今やアクションゲームを作る多くの人が知っているであろう【コヨーテタイム】という仕様。

ヒットゲーム『Celeste』に搭載された「地面から離れても少しの間はジャンプ入力を受け付ける」という仕様です。

操作性についても細かな工夫をしていて、キャラクターが進んでいて地面がなくなった直後にジャンプボタンを押しても、ジャンプできるようにしてあります。
そうすることで、プレイヤーに「思い通りに操作できた」と感じてもらえるんですよ。この「本当は落ちてるんだけどジャンプできる少しの間」のことは「コヨーテタイム」と呼ばれています。

「Hello! インディー」第4回 開発者が語る『Celeste』の秘密。ゲーム設計のこだわりと、「コヨーテタイム」!? | トピックス | Nintendo

ゲームシステムの多くは「過去のゲームの模倣とアレンジ」から生まれてきます。【コヨーテタイム】についても、きっと元ネタとでも呼べる仕組みがあったはずです。それはいったいどのゲームの、どの仕組みなのか?
※『Celeste』の開発者を批判する意図はまったくありません

【コヨーテタイム】の元ネタはマリオ!?

実は2021年発売の『スーパーマリオ3Dワールド + フューリーワールド』にも【コヨーテタイム】と同じ仕様が実装されています。

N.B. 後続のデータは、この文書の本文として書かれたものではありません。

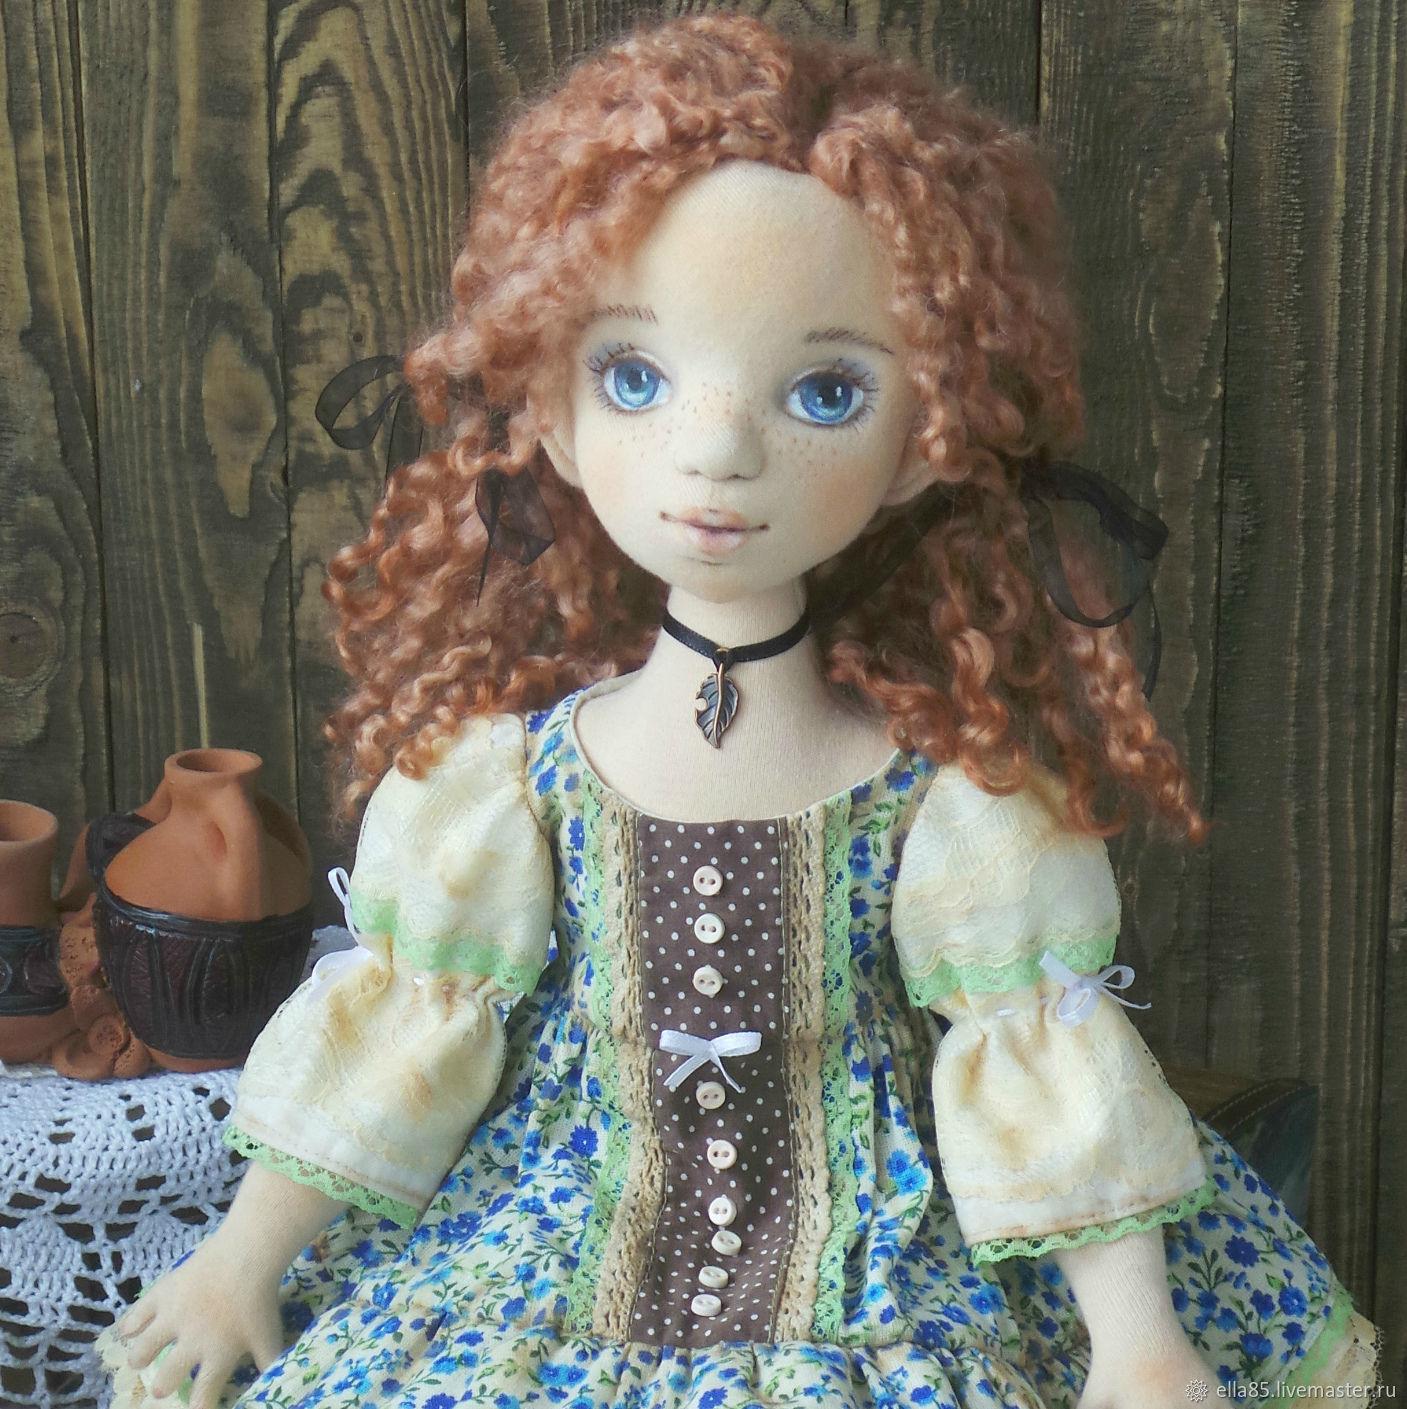 Коллекционные куклы ручной работы. Ярмарка Мастеров - ручная работа. Купить Текстильная кукла Варенька. Handmade. Текстильная кукла, хлопок

2021年なので『Celeste』が先…と思いきや本タイトルはWiiUからの移植作。『スーパーマリオ3Dワールド』自体は2013年に発売されています。

WiiUでは2013年に発売されていました

『Celeste』の発売は2018年。元となったPICO8のゲームも2015年製なので、やはりマリオのほうが早い。さすがマリオ…いや任天堂ですね。こっそりユーザー体験向上のテクニックを仕込んできます。

『Celeste』のPICO8版はこちらからプレイ可能です。【コヨーテタイム】の威力をご賞味あれ。
Celeste (lexaloffle.com)

さらなる元ネタを求めて

前述した通りゲームシステムには元となるネタがあるはずです。『スーパーマリオ3Dワールド』にしても先人がいるに違いない…ですが、任天堂がゲームを作るときは「任天堂自体」から学びます。過去を見つめ直し、改善と変革を実行する。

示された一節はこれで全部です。